Prime Minister calls for Department for Transport to look into graduated licensing systems

Prime Minister Theresa May has called for the Department of Transport to look into introducing graduated driving licences (GDLs) for young drivers in a bid to tackle high accident rates among 17-24 year olds.

The announcement comes after Jenny Chapman, MP for Darlington, challenged May during Prime Ministers Questions. Chapman asked if a graduated licence system would be introduced in light of figures illustrating that a quarter of new drivers are involved in and accident within two years of passing their test. Chapman also highlighted that 400 deaths or serious injuries on UK roads annually involve new drivers.

Research previously conducted by Transport Research Laboratories (TRL) commissioned by the DfT, has indicated that GDLs could be highly beneficial, saving 4,471 casualties and £224 million each year.

This research suggested that a new training regime for learner drivers could be beneficial. It recommends 100 hours of supervised daytime and 20 hour of night-time driving before current theory and practical tests could be taken. The study also recommended a 12-month probationary period for new motorists following successful driving tests.

GDLs for young drivers are already successfully in place in various countries.

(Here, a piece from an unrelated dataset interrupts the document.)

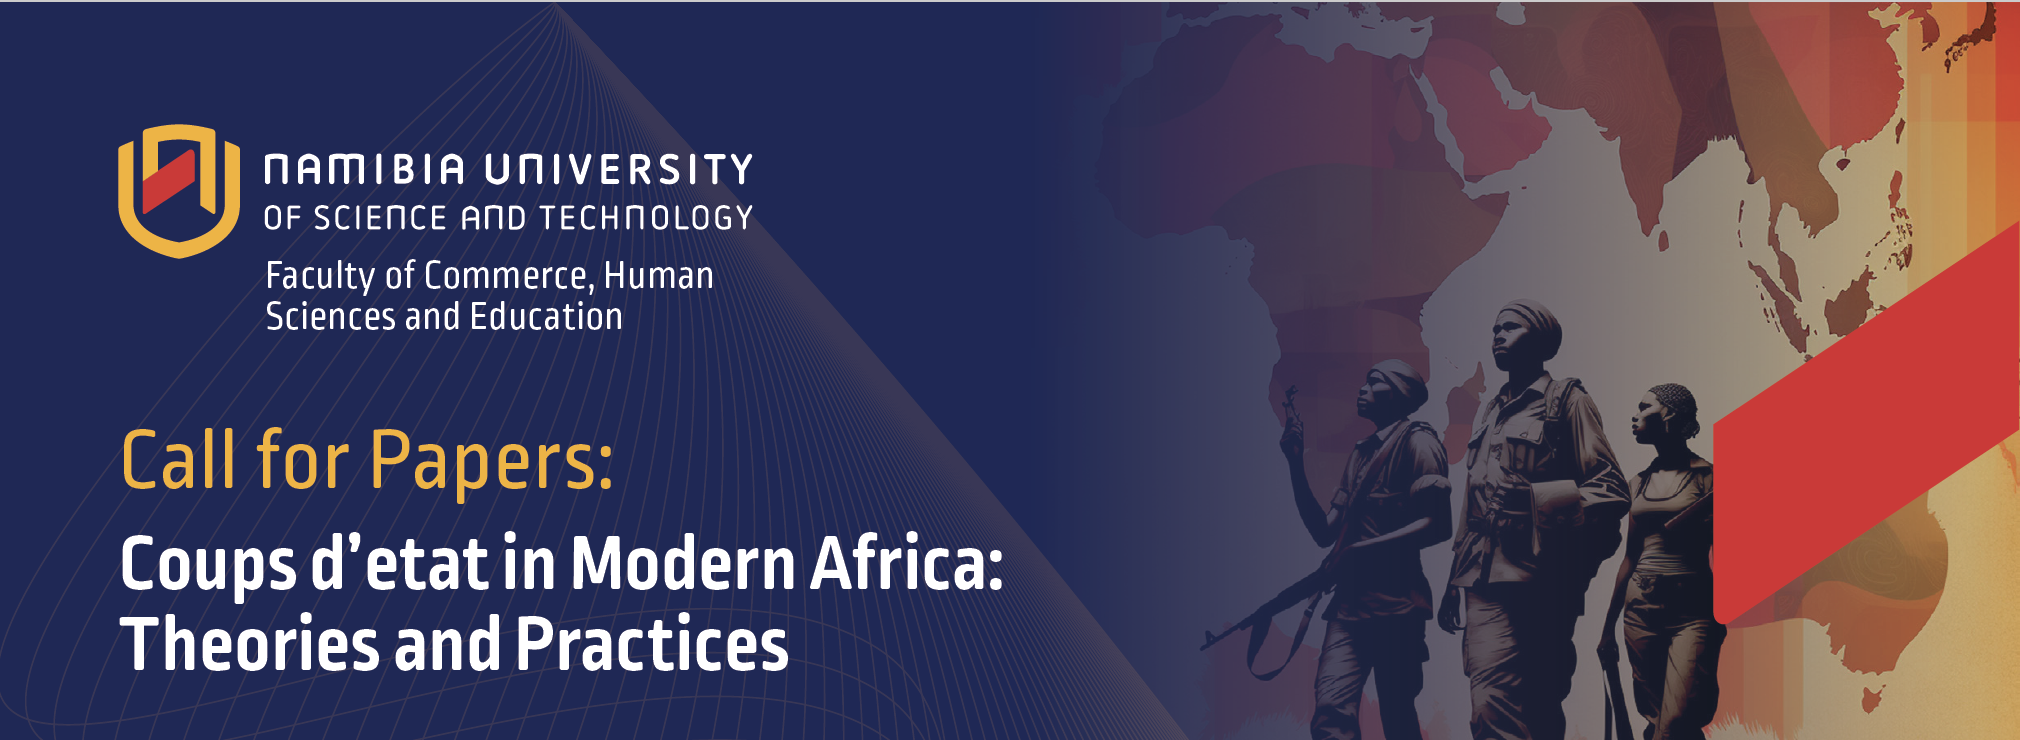 Coups d’etat in Modern Africa: Theories and Practices

These schemes involve restrictions on new licence holders such as limits on the number and age of passengers the licence holder can carry, the hours of the day they can drive and requirements to be accompanied by a more experienced driver.

The RAC say that the introduction of would be a positive step towards improving road safety and one that they would welcome greatly. Pete Williams, RAC road safety spokesman, said “The RAC has been calling for a reform of driving education for young people and the introduction of graduated driving licences with a minimum supervised learning period and restrictions on the number of passengers permitted in the car so this is a very positive step towards preventing the loss of young lives on our roads.”

The RAC also urge for more education for young drivers as well as increasing the restrictions on new motorists in the first two years. Williams added, “The RAC’s Report on Motoring showed that 35% of young drivers felt the standard driving test does not cover all the skills required to cope with the demands of driving today, so clearly we should be exploring how to improve the learning experience.”

Williams also suggested that restrictions would also benefit younger drivers by helping lower insurance premiums and bringing the cost of getting on the road down significantly.